For the CM-5, the Vis-5D server code was first ported to run in MIMD mode to maximize the isosurface generation rate. However, this approach could not be completed due to a lack of support for the MIMD mode's multiplexed I/O by the DTM communication software used for the experiments. A SIMD software port was pursued instead, but yielded poor performance -- it was found after further investigation that a critical aspect of the algorithm was executed serially by the hardware independently of the number of processors being used. Because of delays experienced in establishing an operational state for some of the facilities used for these experiments, time did not allow a resolution of these findings.

CALCRUST: Interactive Geophysics

Researchers at JPL in the Casa testbed used an interactive geophysics application to investigate computationally intensive problems involving very large distributed datasets. The goal was to allow interactive 3D visualization of geographic data through the integration of three distinct data sources: Landsat satellite images, elevation data, and seismic data, with the data set sizes ranging from hundreds of megabytes to several gigabytes. This effort thus combined networked databases, distributed computation, and remote visualization in a single metacomputing application (Figure 4-24).

Figure 4-24. CALCRUST Metacomputing

In order to achieve reasonable interactivity, an elapsed time of one second or less was desired between the user's view selection and display of a static 3D rendering. For fly-by visualizations, the goal was to generate 10-15 frames per second. However, using a single computer such as the Cray C90 for all computations required on the order of 30 seconds to generate a single frame.

The nature of the 3D rendering processing made it well-matched to a highly parallel distributed memory machine such as the Intel Paragon, while shared-memory vector machines such as the Cray were a better match for 2D preprocessing of the very large raw data sets. By assigning the Landsat, elevation, and seismic 2D processing to different machines, a pipeline could be created which allowed the three datasets to be processed in parallel while their output was sent to a fourth machine for rendering, with the latter's output sent to a frame buffer or high-resolution workstation for display.
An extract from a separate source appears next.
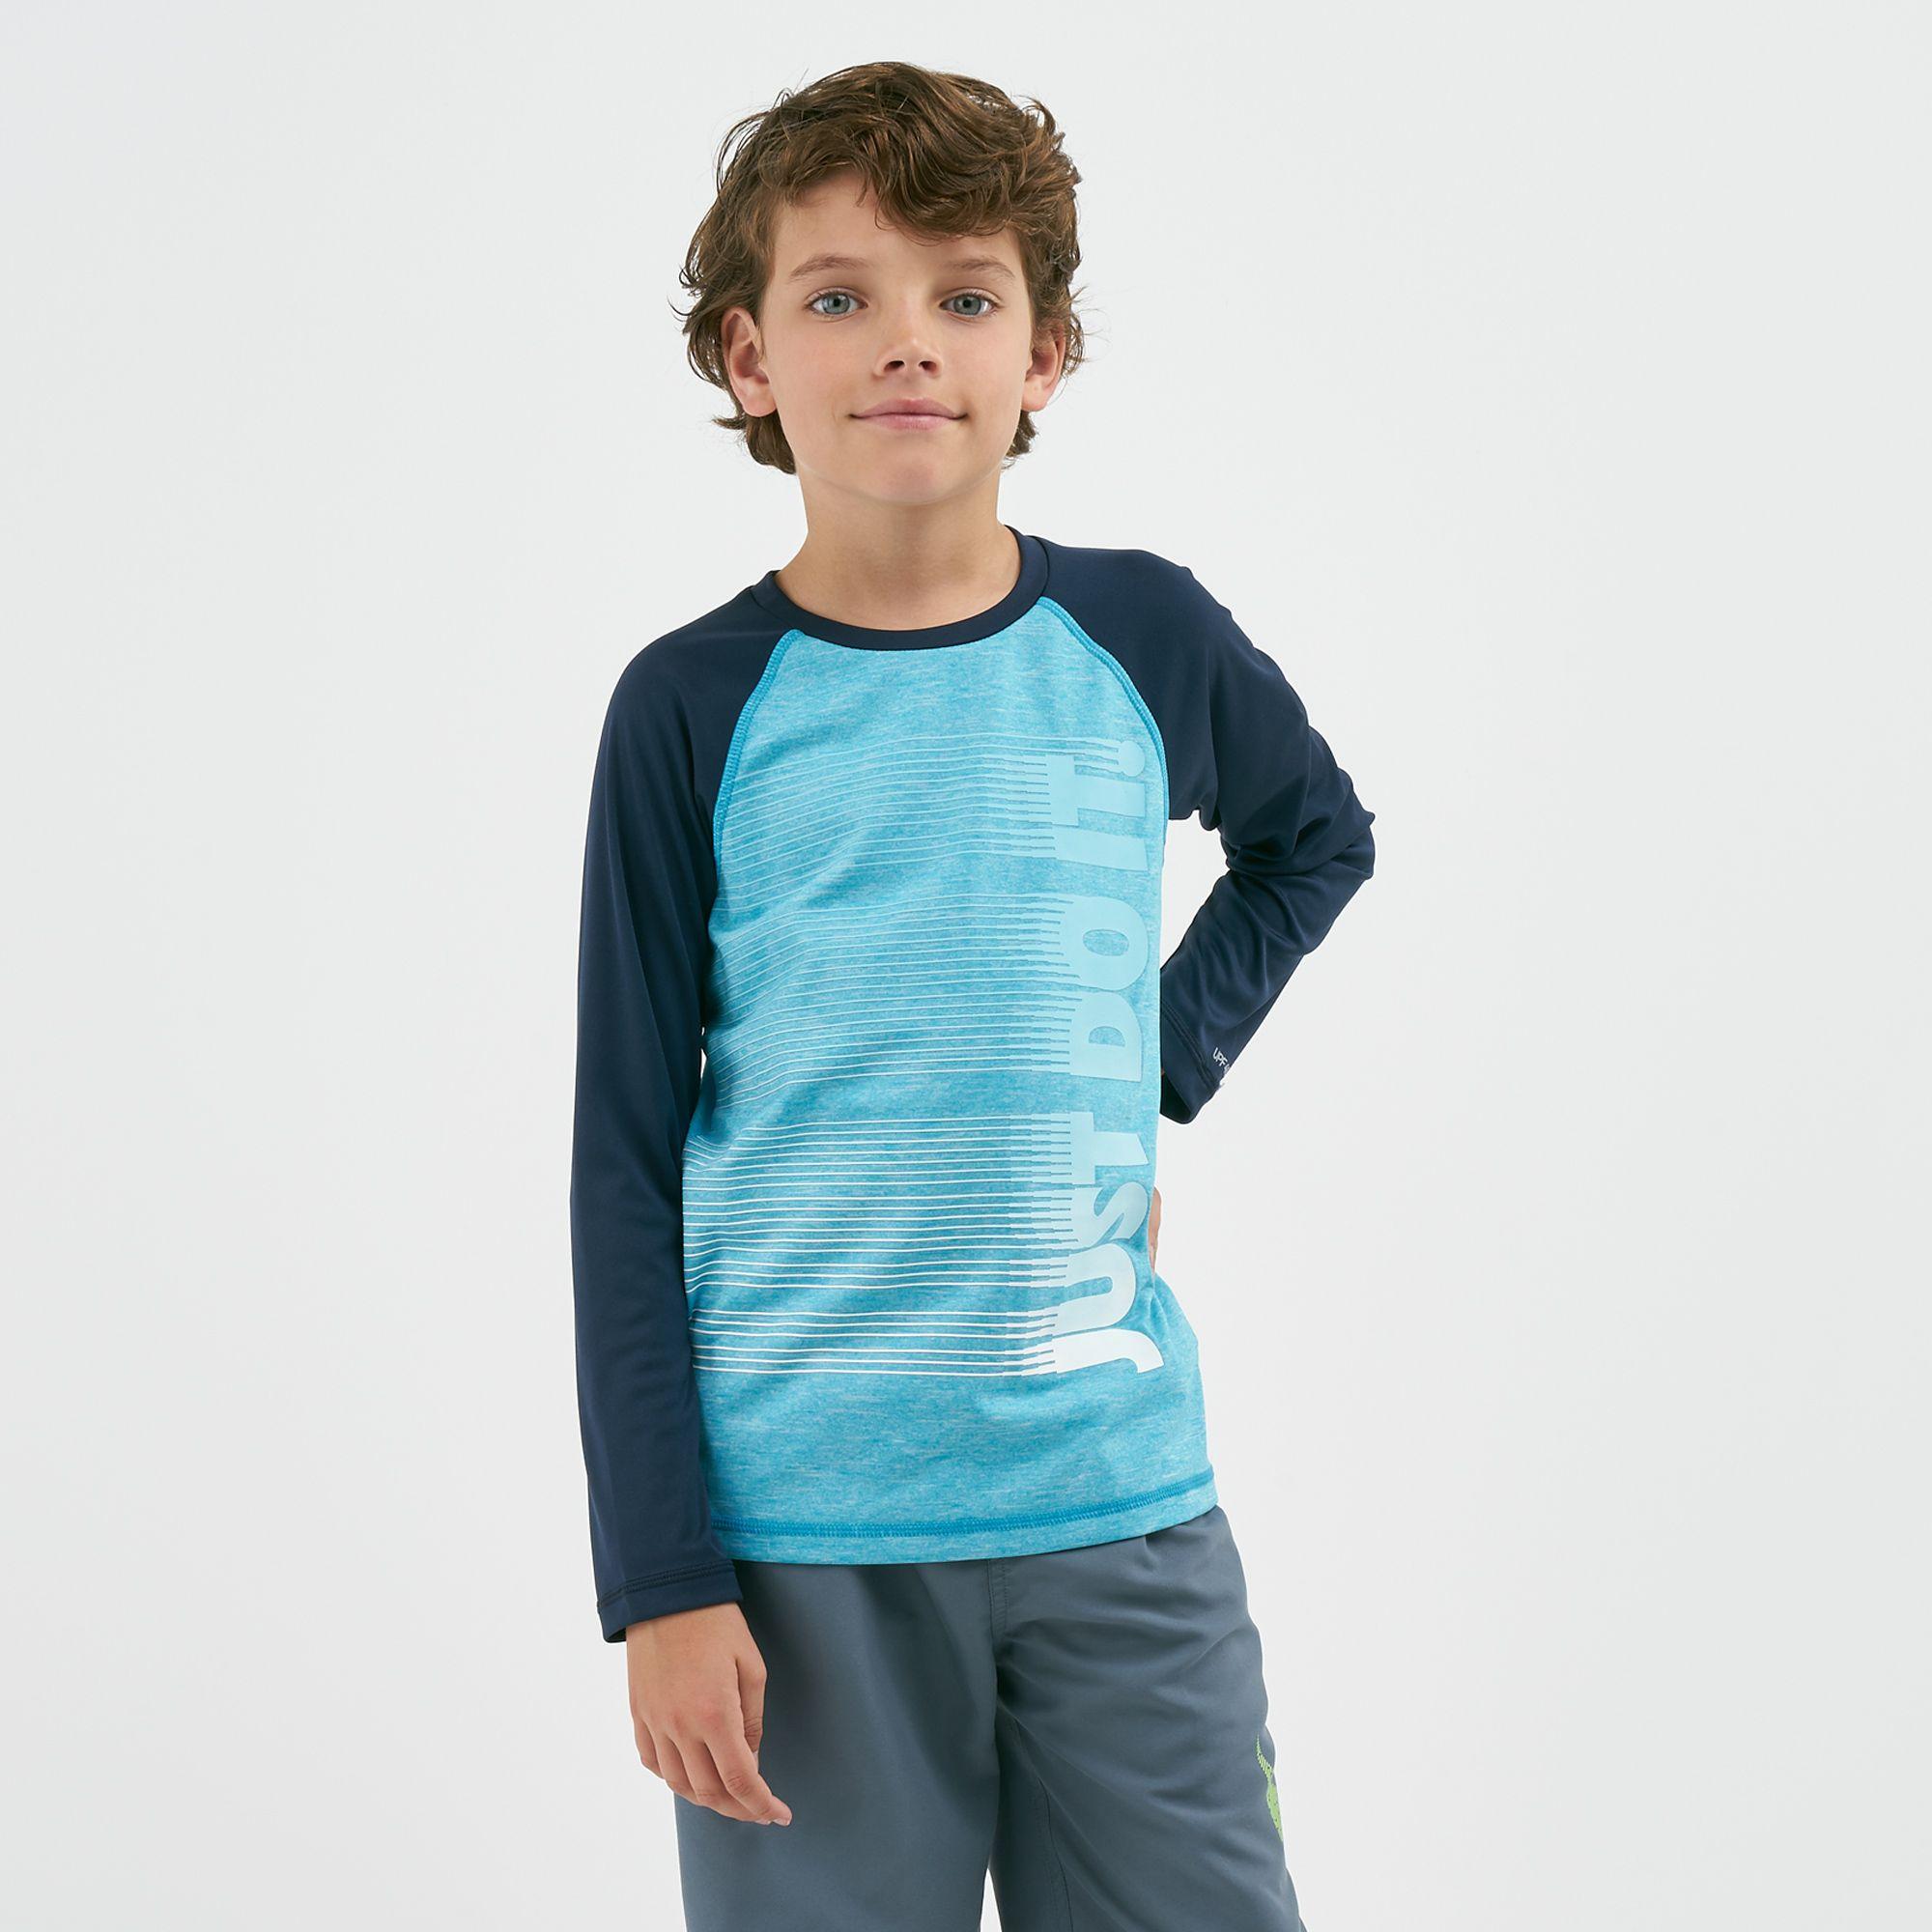 b5588199 Nike Kids' Heather JDI Long Sleeve T-Shirt (Older Kids)   Swimwear ...

In experiments carried out using Casa machines and connectivity available at about the mid-point of the effort, a Cray C90 at SDSC and a Cray YMP at JPL were used for 2D processing, a 512-processor Intel Delta (a precursor to the Paragon) at Caltech was used for 3D rendering, and a workstation at JPL was used to provide visualization control and display. Using the Express control software developed as part of the Casa effort, a user at the workstation could initiate the processing pipeline on the other machines, with a wireframe or other low-resolution rendering used to select a new orientation or fly-by for high resolution display. A visualization software program called Surveyor was developed by JPL as part of this effort to allow the workstation and Intel Delta to be used interactively for terrain rendering.

Because of the processing-intensive nature of the problem, the best results which could be obtained from the above configuration involved a total latency of about 5 seconds to generate a single frame, with a corresponding frame rate of 0.2 frames/second for fly-by visualizations. The dominant component of this latency was the 2D processing on the Crays. The 3D processing was successfully parallelized on the Intel Delta through the replacement of a traditional ray-casting technique with a new ray identification approach. Although the Delta's I/O limitation of 5 Mbytes/second would have been an impediment to further speedups, it proved sufficient for these experiments due to the 2D processing bottleneck.

While the goal of less than one-second total latency was not achieved with the machine complement used for the experiments, the resulting metacomputer nevertheless provided a major advance relative to previous capabilities in this area, with the techniques subsequently applied to a high-resolution visualization of the California Landers earthquake. More generally, this work is expected to have wide applicability to the scientific evaluation of very large distributed datasets produced by systems such as NASA's Earth Observing System.